Social disorganization theory may have provided a platform for Cooke to indulge in crime considering his social and physical environment. Criminal profilers define Eric Edgar Cooke as a perfect candidate for a serial killer type. He was often emotionally and physically abused as a child in a family that was dysfunctional. He escaped his misery through fantasy and disassociation that he sought for the purpose of boosting his low self-esteem through self-aggrandizement. He was bitter with the society that has ostracized him and he was out to revenge and get power and control.

He started with act of arson on a church and transformed into power over life and death. Cooke was born with a facial deformity that made his father loathe him at first sight. Eric Cooke felt unwanted and tasted sheer resentment at a very tender age. Cooke was a victim of mockery and bullying by other pupils due to his facial look and the mumble after the operation (Hayward &Young, 2004). Eric Cooke was made fun of by other children and bitter resentment precipitated within his heart making him act in revenge.

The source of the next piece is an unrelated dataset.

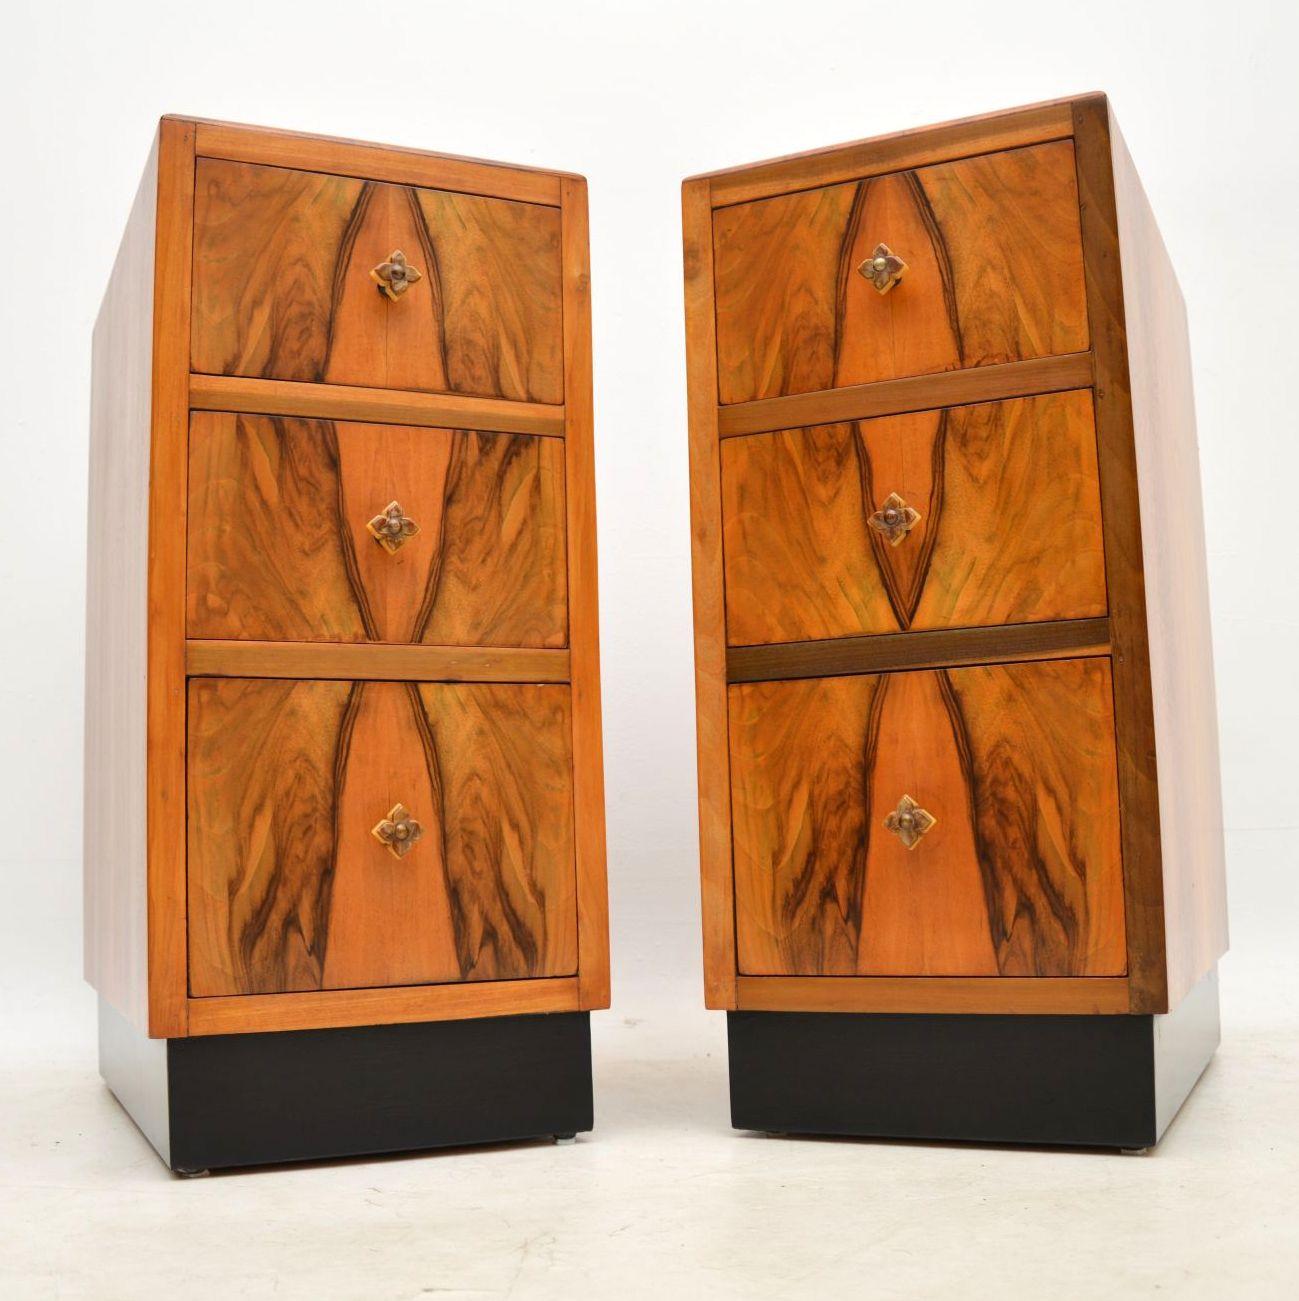 1920 S Pair Of Figured Walnut Art Deco Bedside Cabinets

The dismissal from the army accentuated the feeling of resentment towards the society and social structures. He had enjoyed the regimentation and army’s fellowship. Training in weaponry offered to him by Lance Corporal provided with a sense of satisfaction to dominate. At the age of 17, Cooke began setting fire to flats and houses that he broke into, after stealing money and food and slashing bedding and clothing. Ever cunning, he broke a window to appear like a break-in when in the real sense friendly owner had offered him the key to take care of the house while on holiday.

When apprehended for arson and break-ins, police offers were sympathetic after examining his background and referred to him as ‘one of life’s unfortunates’. At the age of eighteen he was paroled from prison after three months of a hitherto three year jail term. This spell in prison provided a chance to Cooke to come into conduct with hardened criminals who made him to seek deeper into the life of crime. This is where the social learning theory applies. Social learning theory states that individuals develop motivation to indulge in crime and acquire skills to commit crime through people they come in contact with.